Frage an Nico Riedemann von Veit N. bezüglich Bildung und Erziehung
Hallo Herr Riedemann,
mich würde vor der Landtagswahl interessieren, wie Sie Ihre Position und die der ÖDP im Hinblick auf die beruflichen Perspektiven von Wissenschaftlern darstellen würden. Sehen Sie politische Möglichkeiten die Attraktivität von Jobs in der Wissenschaft zu steigern? Befristete Arbeitsverträge hemmen die Familien- und Lebensplanung. Es gibt wenig Chancen langfristig in der Wissenschaft zu arbeiten, wenn man sich nicht der immer dünner werdenden Luft der Karrierepyramide (auf dem Weg zur Professur) aussetzen möchte. Es gibt aus meiner Sicht zu wenige Alternativwege zur Professur im Rahmen von wissenschaftlichen Karrieren (vor allem in Disziplinen die vor allem Grundlagenforschung betreiben). Mich interessiert, ob Sie Modellvorstellungen (im Rahmen von Landespolitik) haben, die diese Situation verbessern könnten und ob Sie diese auch für umsetzbar/finanzierbar halten. Danke für Ihre Antwort! Ich wünsche Ihnen einen fairen Wahlkampf 2017!
Freundliche Grüße,
V. N.
Guten Tag Herr N.,
Vielen Dank für Ihre Frage. Zunächst einmal möchte ich festhalten, dass Wissenschaft unabhängig von Politik und Wirtschaft sein sollte. Die schwierige Situationen der wissenschaftlichen Mitarbeiter kenne ich sehr gut. Ich habe mich während meines Studiums öfter mit Dozenten über diese Problematik unterhalten. Ein Konzept dafür gibt es in der ÖDP nicht direkt, aber grundsätzlich steht die ÖDP für die staatliche Finanzierung von Wissenschaft und tritt für unbefristete Arbeitsverträge ein. Allerdings finde ich es nicht fair, wissenschaftliche Mitarbeiter bevorzugt zu behandeln. Viele Menschen arbeiten derzeit in befristeten Anstellungsverhältnissen (Agenda 2010 lässt grüßen). Daher müssen die Richtlinien für befristete Arbeitsverträge in allen Branchen wieder hin zu unbefristeten Arbeitsverträgen angepasst werden. In anderen europäischen Staaten werden nur zwei befristete Verträge akzeptiert, danach muss der Arbeitnehmer unbefristet angestellt werden.

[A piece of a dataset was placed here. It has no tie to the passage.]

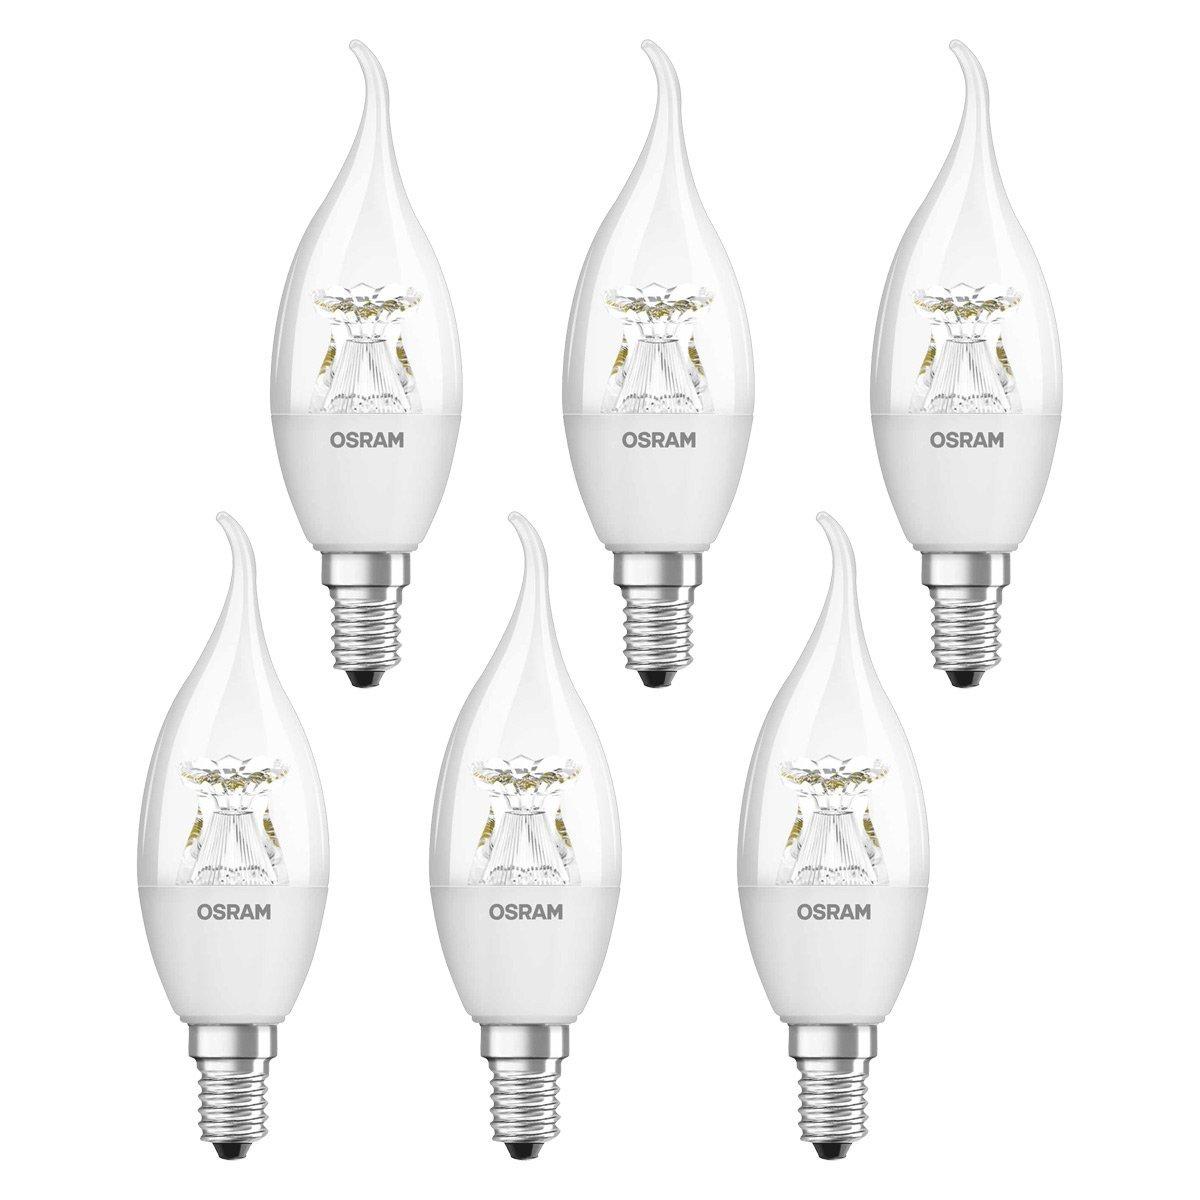 Osram LED Kerzenform amazon

Da unser Wirtschaftssystem immer neoliberaler ausgestaltet wird, – und diese Entwicklungen zugunsten der Unternehmen, des Wirtschaftswachstums und der Konkurrenzfähigkeit so implementiert werden – müssen wir grundlegend an diesem System feilen. Dieser Konkurrenz- und Preisdruck durchdringt getreu dem neoliberalen Finanzmarktkapitalismus alle Lebensbereiche. Nicht nur die Wissenschaft, sondern besonders auch soziale Bereiche. Mit der anstehenden Automatisierung und Digitalisierung wird sich diese Dynamik aller Voraussicht nach noch beschleunigen. Das einzige Konzept, das dieser Tendenz entgegenzuwirken vermag, ist das des Grundeinkommens. Andere kenne ich derzeit nicht, bin aber froh über jeglichen Input Ihrerseits!
Daher rufe ich Sie auf, Parteien zu wählen, die diesen unternehmerischen Interessen trotzen und unser Wirtschaftssystem nicht weiter in diese Richtung pushen (oder sich von den Unternehmen pushen lassen). In der Dynamik der Globalisierung ist es sicherlich nicht leicht, sich so zu behaupten, aber es ist der einzige Weg, um gesellschaftliche Veränderung auch in der Bevölkerung ankommen zu lassen. Nicht nur Wissenschaftler stehen unter Druck, sondern alle Arbeitnehmer und auch unsere Umwelt.
Tut mir Leid, dass ich Ihre Frage so nicht direkt beantworten konnte, aber diese Problematik liegt einem großen Problem zugrunde, dass nicht einfach zu beschreiben und unter heutigen Umständen schon recht nicht zu lösen ist. Ich würde mich über eine Rückmeldung freuen, um eventuelle Lösungsansätze in die politische Arbeit einfließen zu lassen. Demnächst steht ein Treffen im Europaparlament mit unserem Abgeordneten und einer Vertretung der deutschen Universitäten an, wo wir Ihre Bedenken mit einbringen können.